Downtown Leasing, Sales Looking Strong South Of 3rd Street
Expectations for retail sales growth are in the 5 to 7 percent range, and leasing is going strong, Downtown Long Beach Associates (DLBA) Vice President Kris Larson said. “In talking to property owners, we’re seeing multiple LOIs (letters of intent) on properties within the downtown, usually by function of location,” he said. “There’s a tremendous amount of interest, and property owners are able to review some competing bids for space.”
Larson shared knowledge of at least 12 leases in development that could amount to new stores south of 3rd Street before the end of 2012, many of which are established retailers in the food and beverage industry. Some “large format deals” are coming to CityPlace, which will round out uses of the downtown shopping center, Larson said. A new buffet on Pine Avenue is coming in, he said, which will help the area of North Pine Avenue.
One of the founders of the Historic Old Pine Avenue business group, local architect Pedro Costa, said retail business is very weak on Pine Avenue north of 4th Street going up to Anaheim Street. “There has not been any new retail coming into the area in 2012,” he said. The group started up its North Pine Avenue Twilight Walk events just a couple of months ago, which is attracting some new attention to the businesses, but everything north of 4th Street “has totally died,” Costa said.
“Here in the summer, more people are walking in the streets,” he said. “[But] the people tend to walk from North Pine Avenue to the waterfront, which makes it seem like the streets are more activated [south of 4th Street]. With retail, because the current economic situation is slowly moving, I don’t think there is going to be a substantial change before the end of the year.”
North Long Beach Business Alliance Focused On Uniting Retailers
The North Long Beach Business Alliance (NLBBA) has seen increased attendance and interest among retailers and restaurants in the 8th and 9th Council Districts since the group first met in December 2011, according co-chairs Sam Hall and Tina Carter. Carter, who manages Liberty Tax Service at 6159 Atlantic Ave., said the business and property owners who come to the NLBBA meetings are excited to have a voice and are working to “figure out a way to unite.”
“Some business owners are voicing their concerns and saying what they would like to see in the area,” Carter said. “I’m hearing that business is pretty good. . . . They are coming from all over North Long Beach. We’ve got some business owners on Long Beach Boulevard, the Atlantic Avenue Corridor and along Artesia Boulevard further down. We are basically focused on the Atlantic Corridor, just until we get it up and running.”

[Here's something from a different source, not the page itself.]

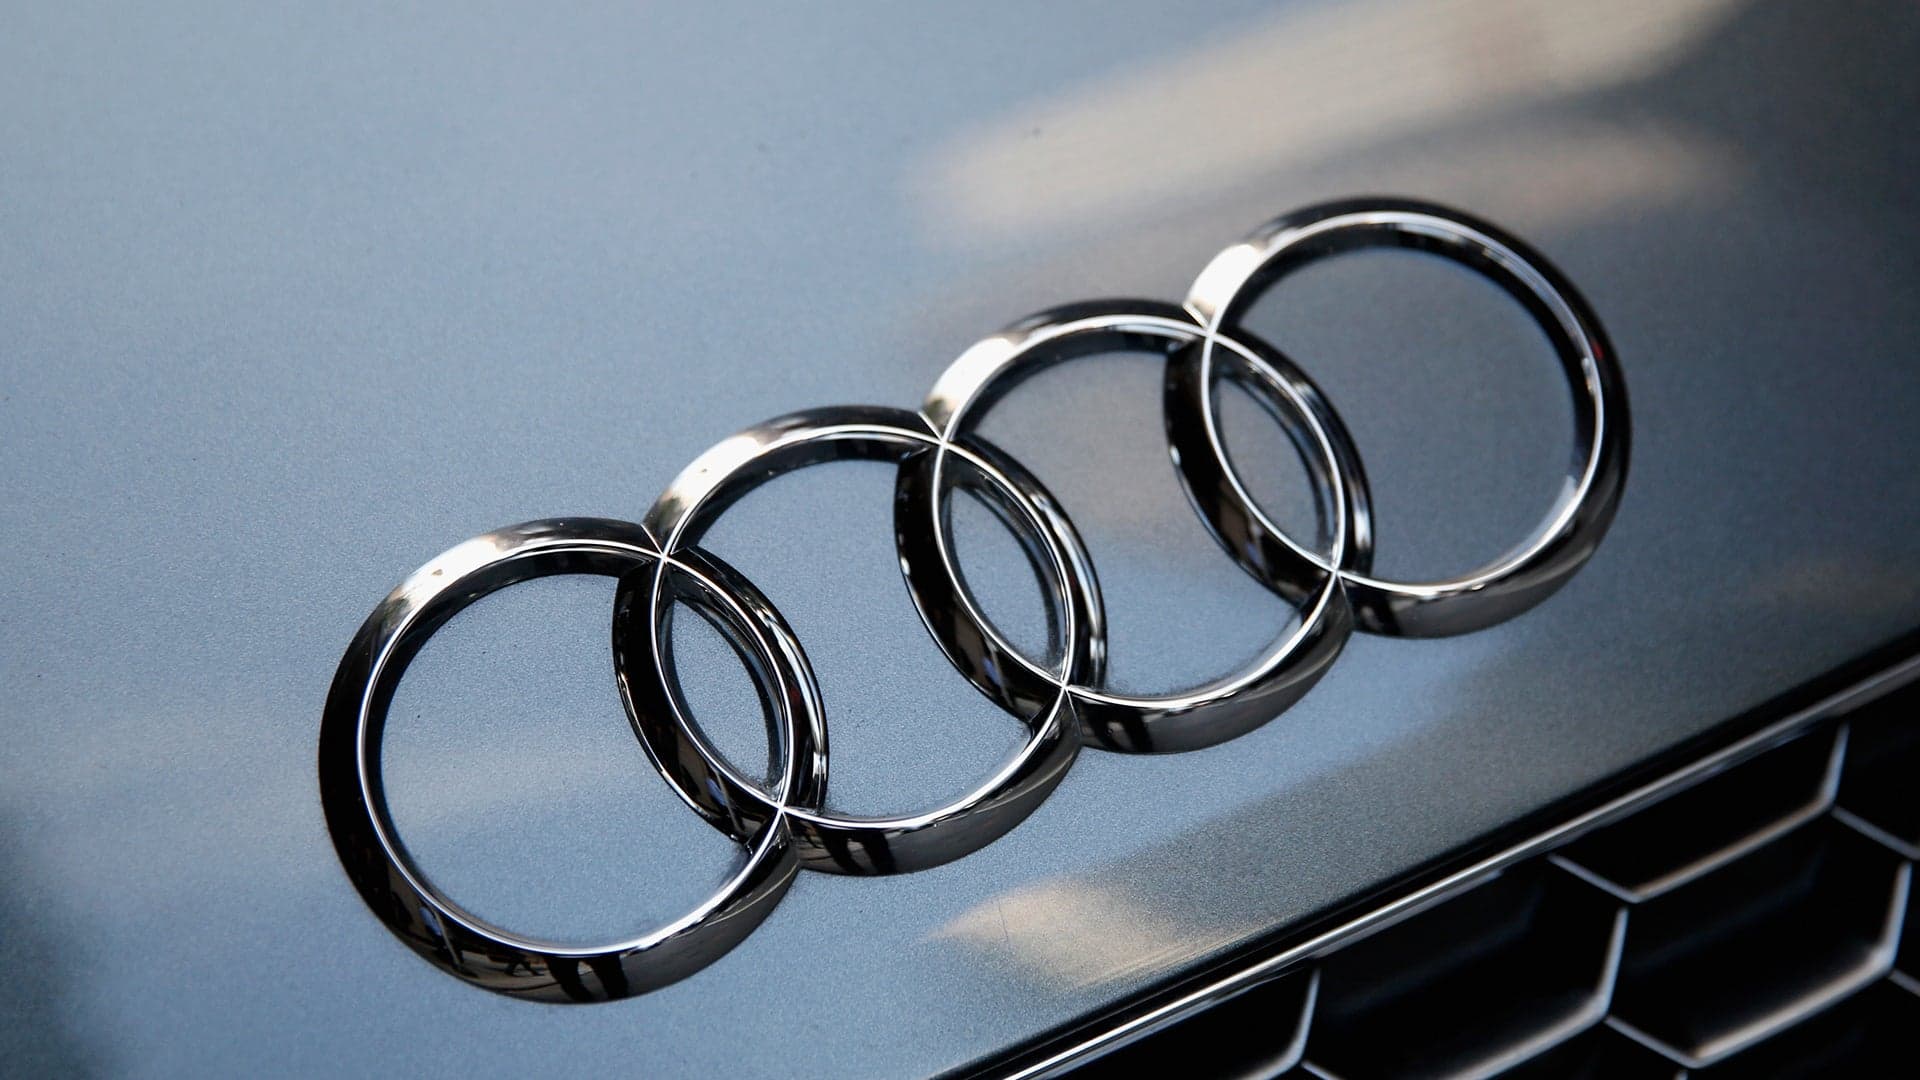 German Prosecutors Fine Audi $926 Million Over Diesel Emissions Cheating

Bali Kaler, owner of two 7-Eleven stores in North Long Beach, is a member of NLBBA. He said retail business is improving at his businesses, located at 6598 Atlantic Ave. and 6151 Atlantic Ave. “It’s kind of slow right now, but it is getting better from last month,” Kaler said. “We expect things to keep going in a positive direction. We opened the second store [in North Long Beach] on April 26, and it has been getting better. May was slow, but it’s better from May now because we’re getting more customers,” as more people realize that the business is open.

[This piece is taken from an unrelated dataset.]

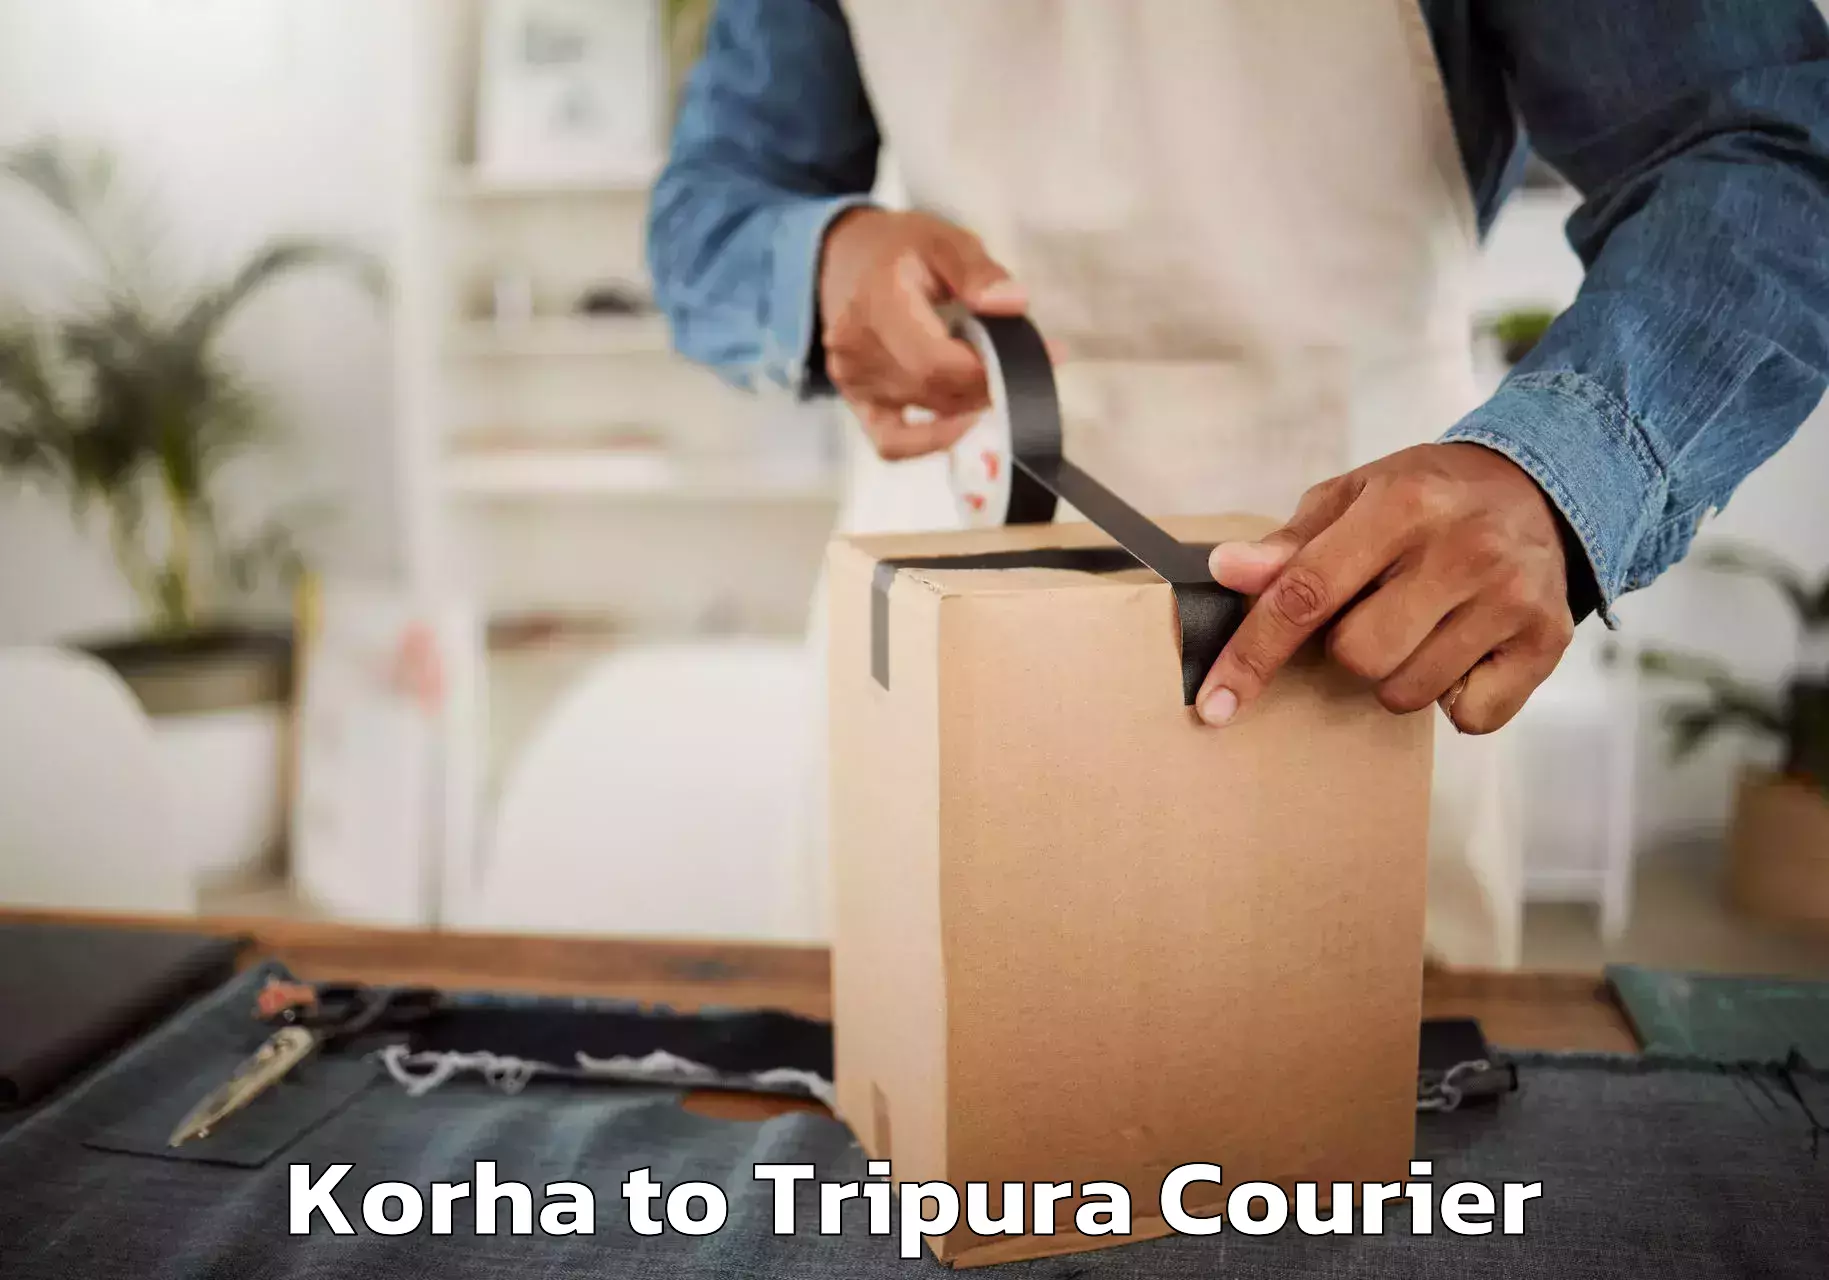 Professional moving company Korha to Tripura

Right now the NLBBA is planning an event for July 7 – a community cleanup. Hall, municipal services manager for trash and recycling company Republic Services, said his employer has partnered with a vendor to provide trash receptacles with advertising panels on the sides that will be permanently affixed in front of various businesses along the Atlantic Avenue business corridor. “We’re going to be able to promote the business alliance and other things throughout the year,” he said. “It’s the start of the branding you’re going to start seeing in North Long Beach.”